Part of the fatal flaw: By constitutionally requiring a “uniform system” of elementary and high schools, every school is required to provide the same resources and levels of instruction to every child — essentially a form of collectivism.
But this can never work; no two children are “uniform.” Think of your own families, and the different educational and developmental needs and interests of your own children. A uniform public-school system can try, but it can never adequately meet the needs of every child. Nor would taxpayers pay what would be required to meet every child's special needs.
To make matters worse, every year 160 legislators in Tallahassee micromanage Florida's schools and universities, dictating every aspect of how Florida's schools must operate and how much money will be spent and where it will be spent. Imagine your business taking orders on how to operate from 160 legislators, many of whom are driven by doing what is popular (to get re-elected) or by special interests who seek to shift the system in their favor. What a nightmare.
In this structure, individual taxpayers are virtually powerless over how their money is used. Just consider Gov. Scott's “STEM” initiatives. If, say, your college-age student has the passion and skills to be a great anthropologist, you would want him or her to have access to the same resources afforded to engineering students. So who is Gov. Scott to decide what is the best way spend educational tax dollars? We elect him and all legislators to use their best judgment, but their judgments can't possibly line up with the judgment and interests of the 13 million parents and students in Florida.
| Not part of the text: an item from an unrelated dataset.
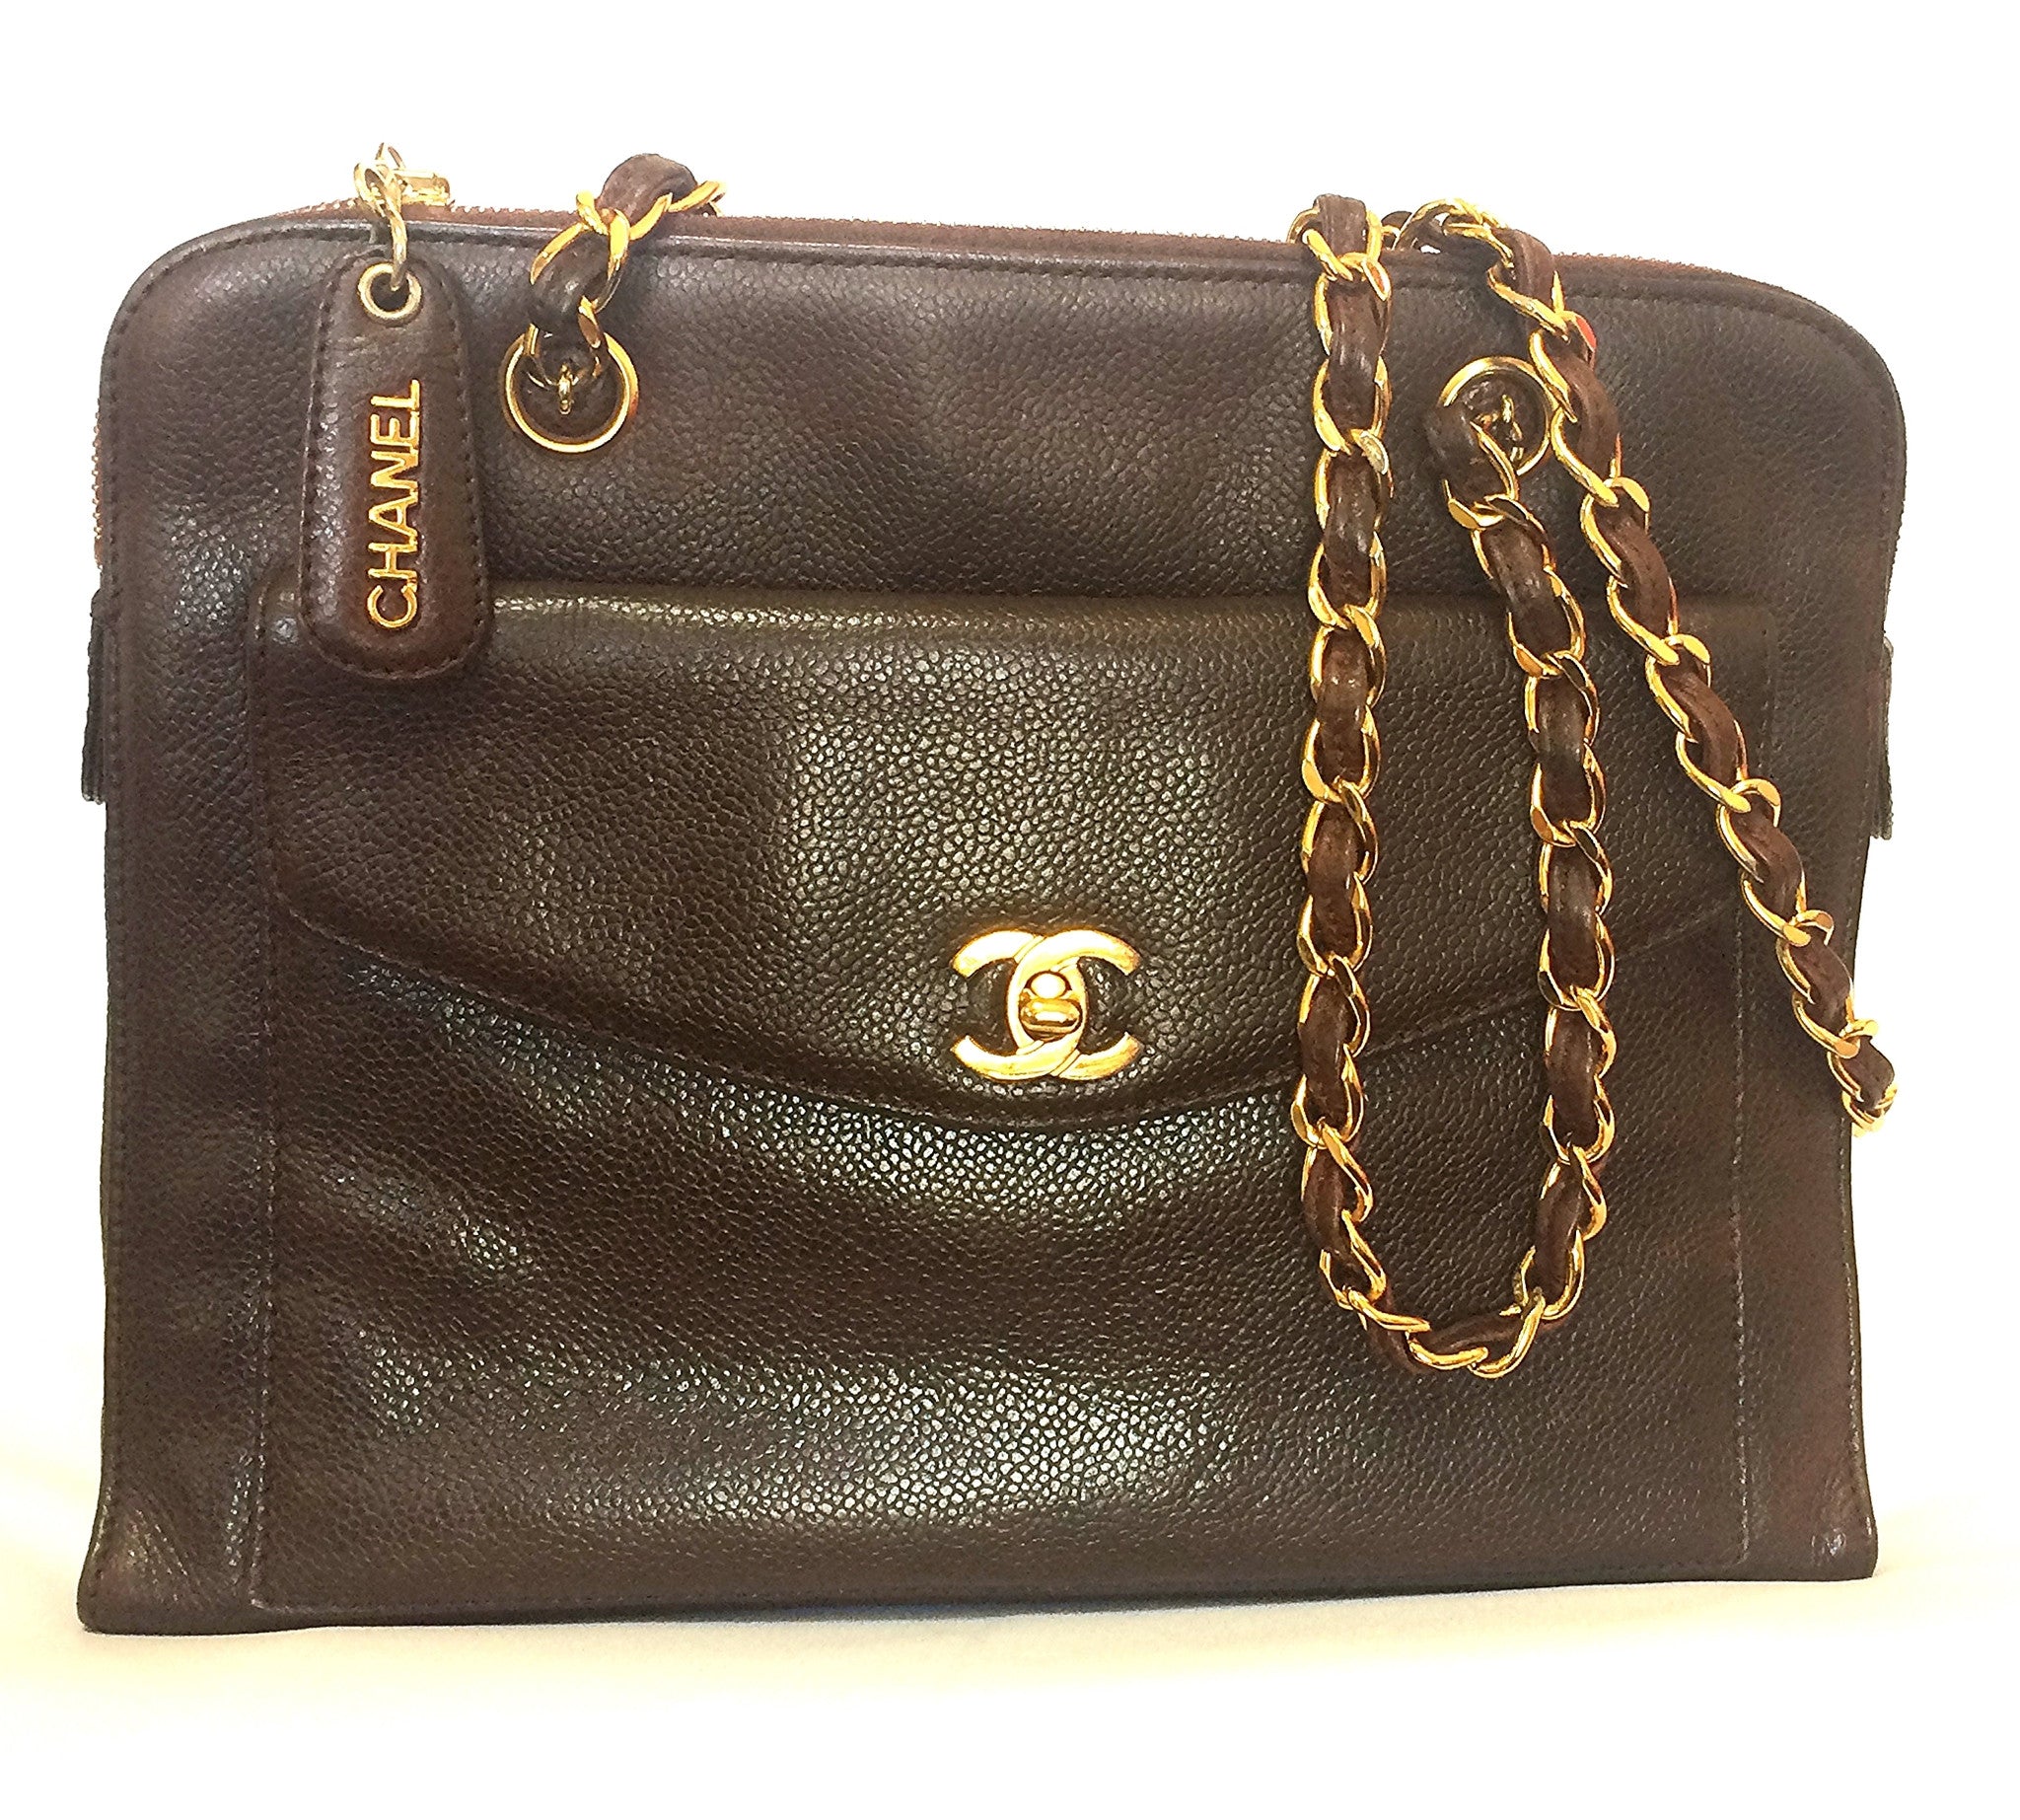 Vintage CHANEL dark brown caviarskin chain shoulder tote bag with

So letter-to-the-editor writer, Deborah Landes, was right — even though she wasn't serious. The best way to improve education in Florida would be to turn all of it over to the private sector. Eliminate school taxes, and let parents, grandparents, educators and business people decide on their own how to educate Florida's school-age and college-age children.
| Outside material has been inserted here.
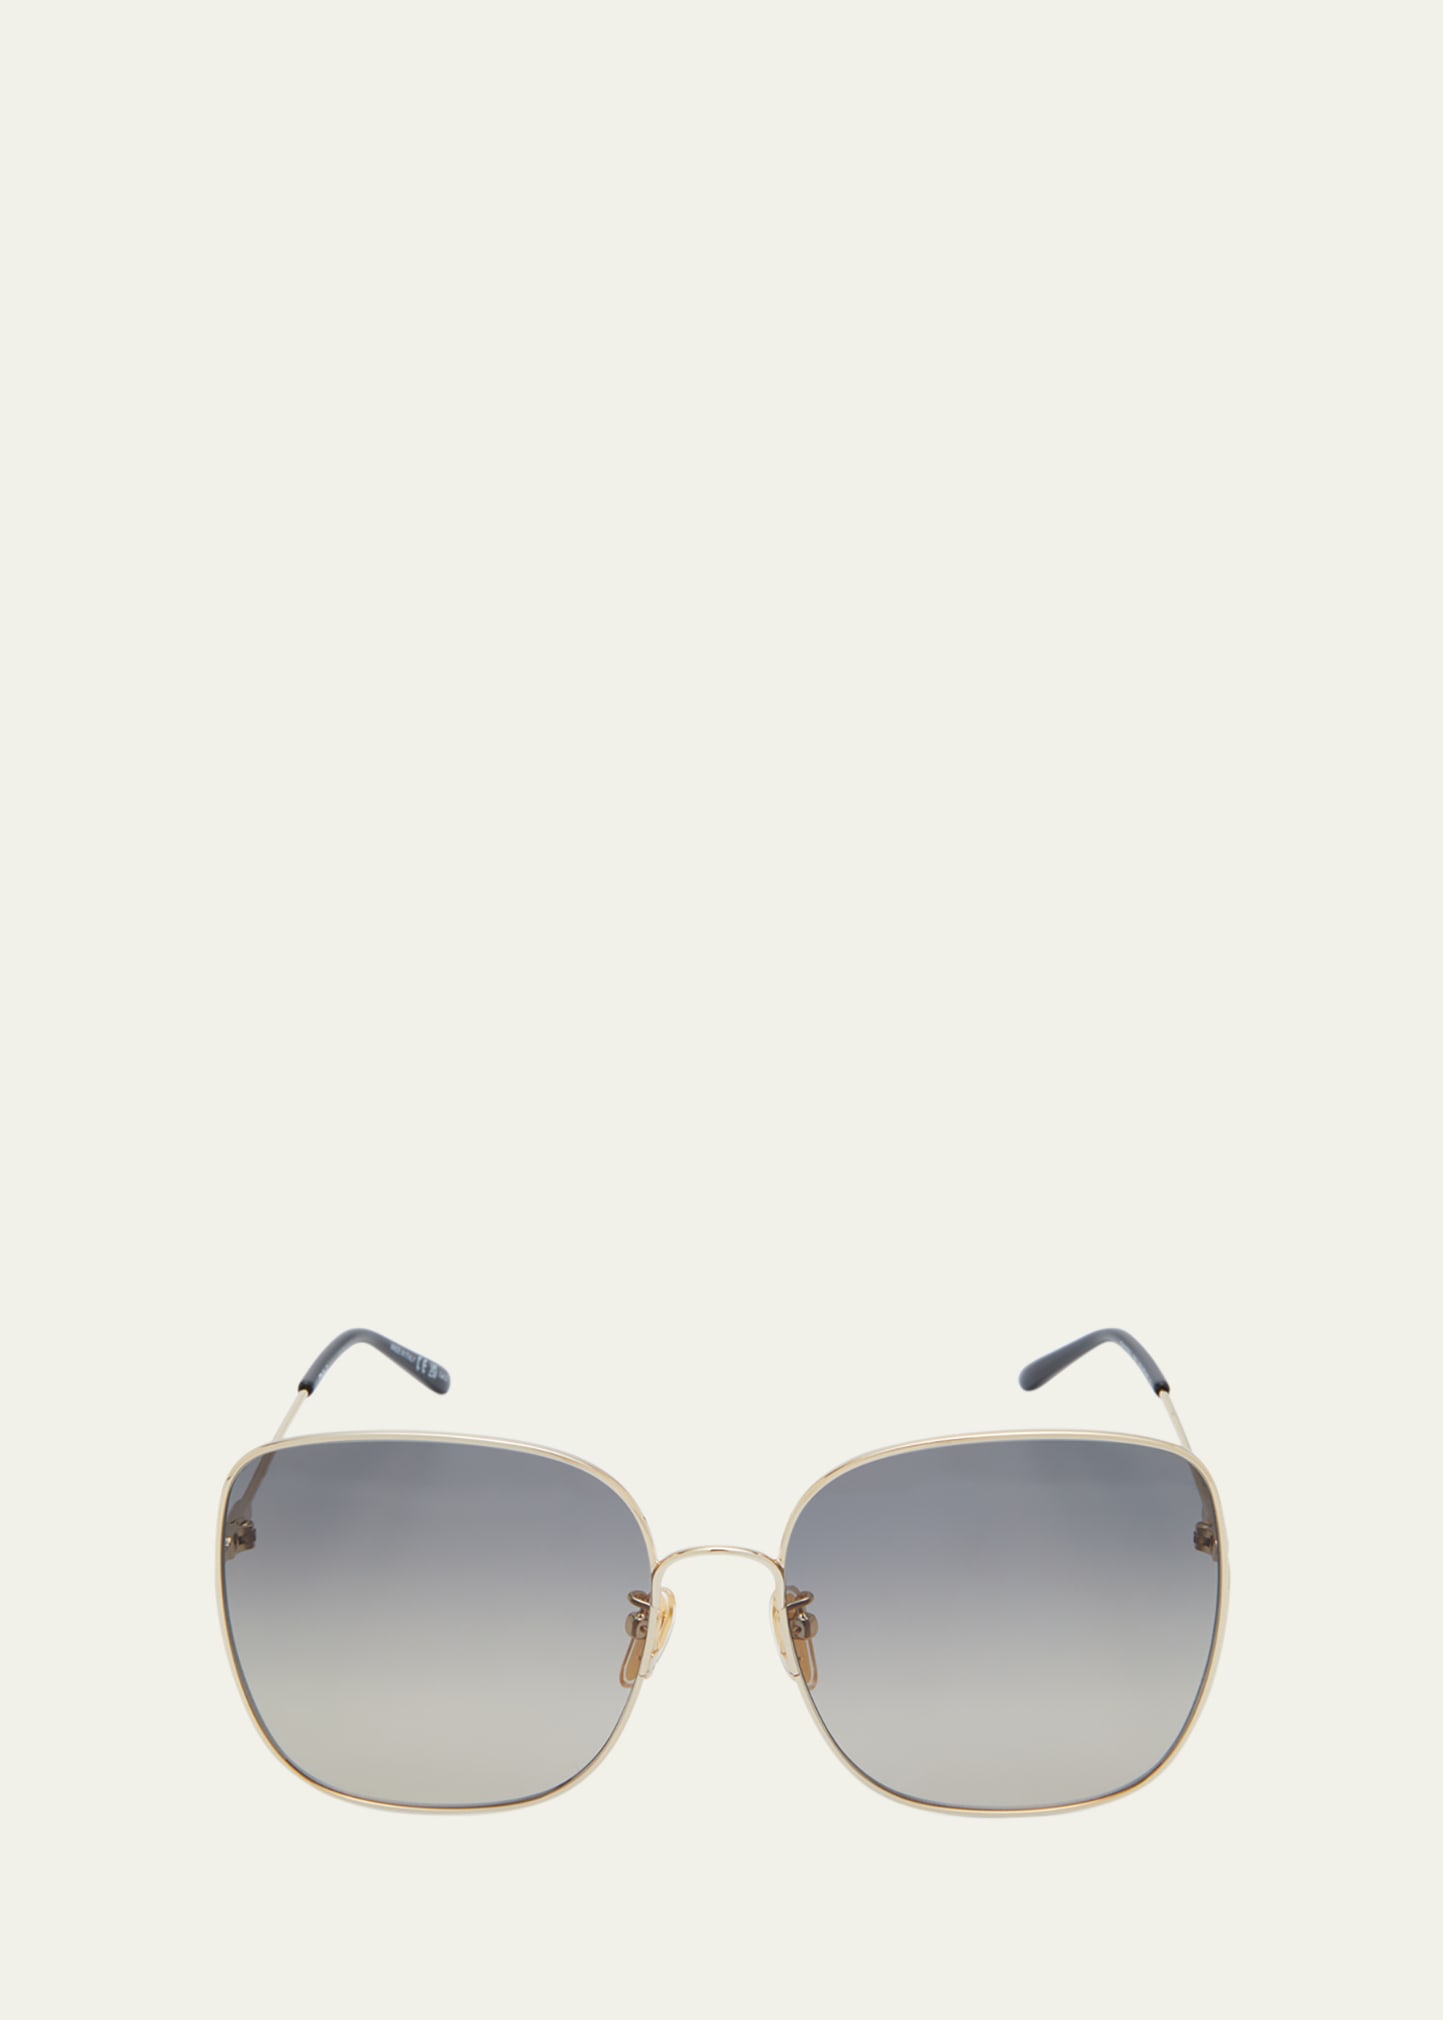 Chloé Gradient Square Metal Sunglasses In Blue

The power of the free market would be astonishing. Schools and universities would pop up to serve every level of need and specialization and every level of ability to pay. Just as we have cars that range from affordable to expensive, so it would be with schools.
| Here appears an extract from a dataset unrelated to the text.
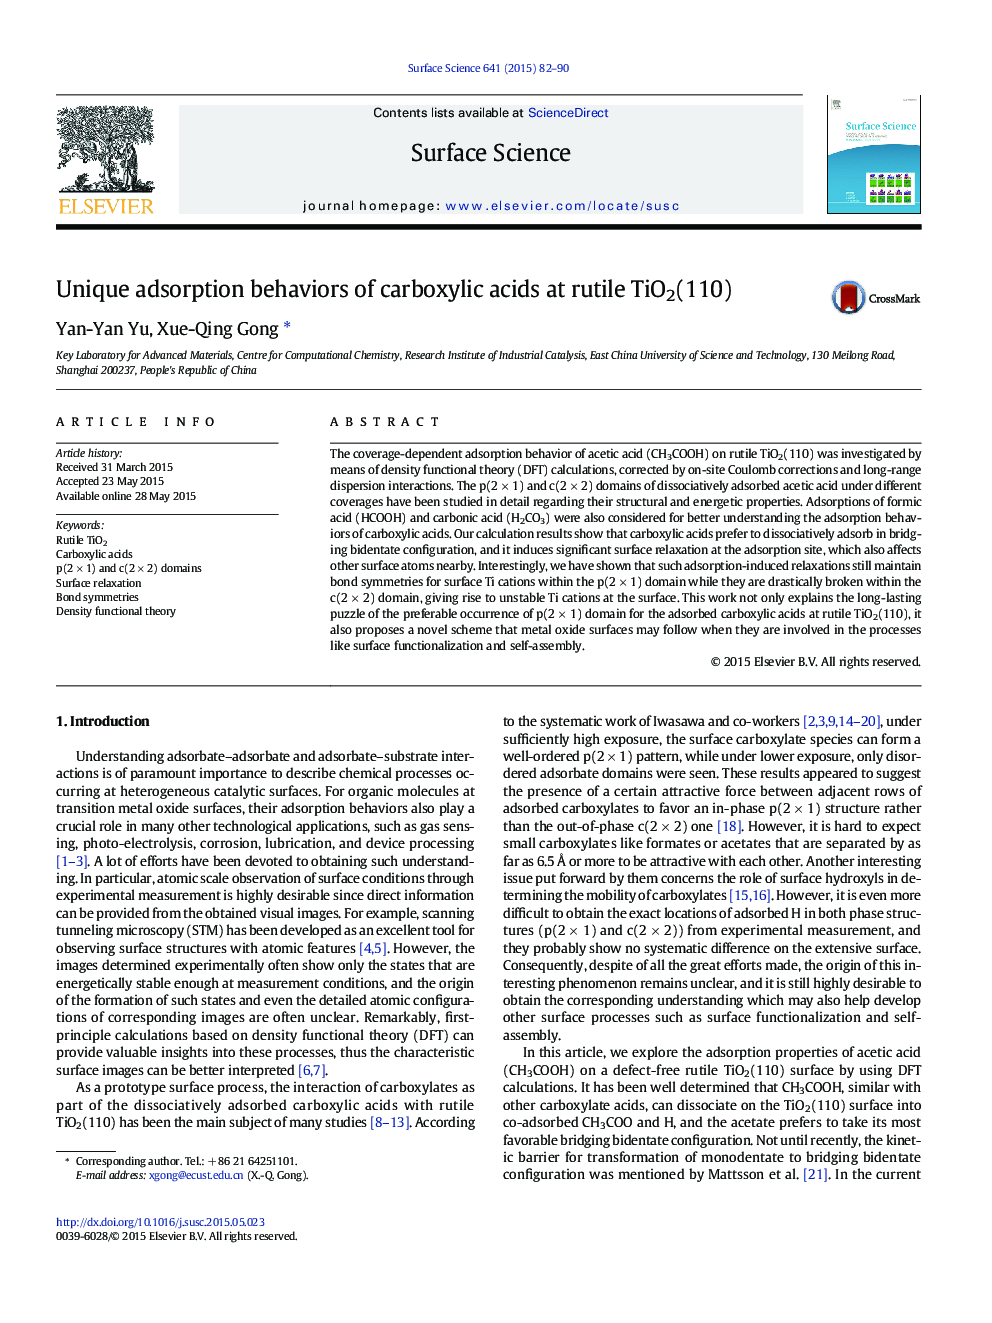 Unique adsorption behaviors of carboxylic acids at rutile TiO2(110)

Competition would drive up the quality of education and drive down the cost. Accountability, which is so hard to effectuate now, would be instant. If a school failed to meet its customers' needs, it would go out of business. Teachers would be compensated on the basis of skill and performance. No more guarantees of tenure or union collectivism.
The use of technology would explode, revolutionizing the way children are taught. And parents would have control over how their money is spent.
The large masses who believe public education is the only way, gasp in horror at this idea. What about the poor? How will they afford education? Imagine how the cost of housing would fall without school taxes; those savings would go to consumers. Americans' generosity would continue to make its way to those who couldn't pay their way.
What about the parents who don't care about their kids and won't pay to educate them? We have them now. And we will always have them.
But think more about the millions and millions of parents in Florida who want to see their children succeed. Think about the freedom and educational entrepreneurism they would feel if the $22 billion a year that is spent on Florida's public education were left in the hands of individual Floridians.
Give Gov. Scott credit for trying to initiate educational change. But Florida needs more than change and accountability. If Floridians want a different economic and educational destiny than what they've had for the past 30 years, they need more than change. They need an educational revolution.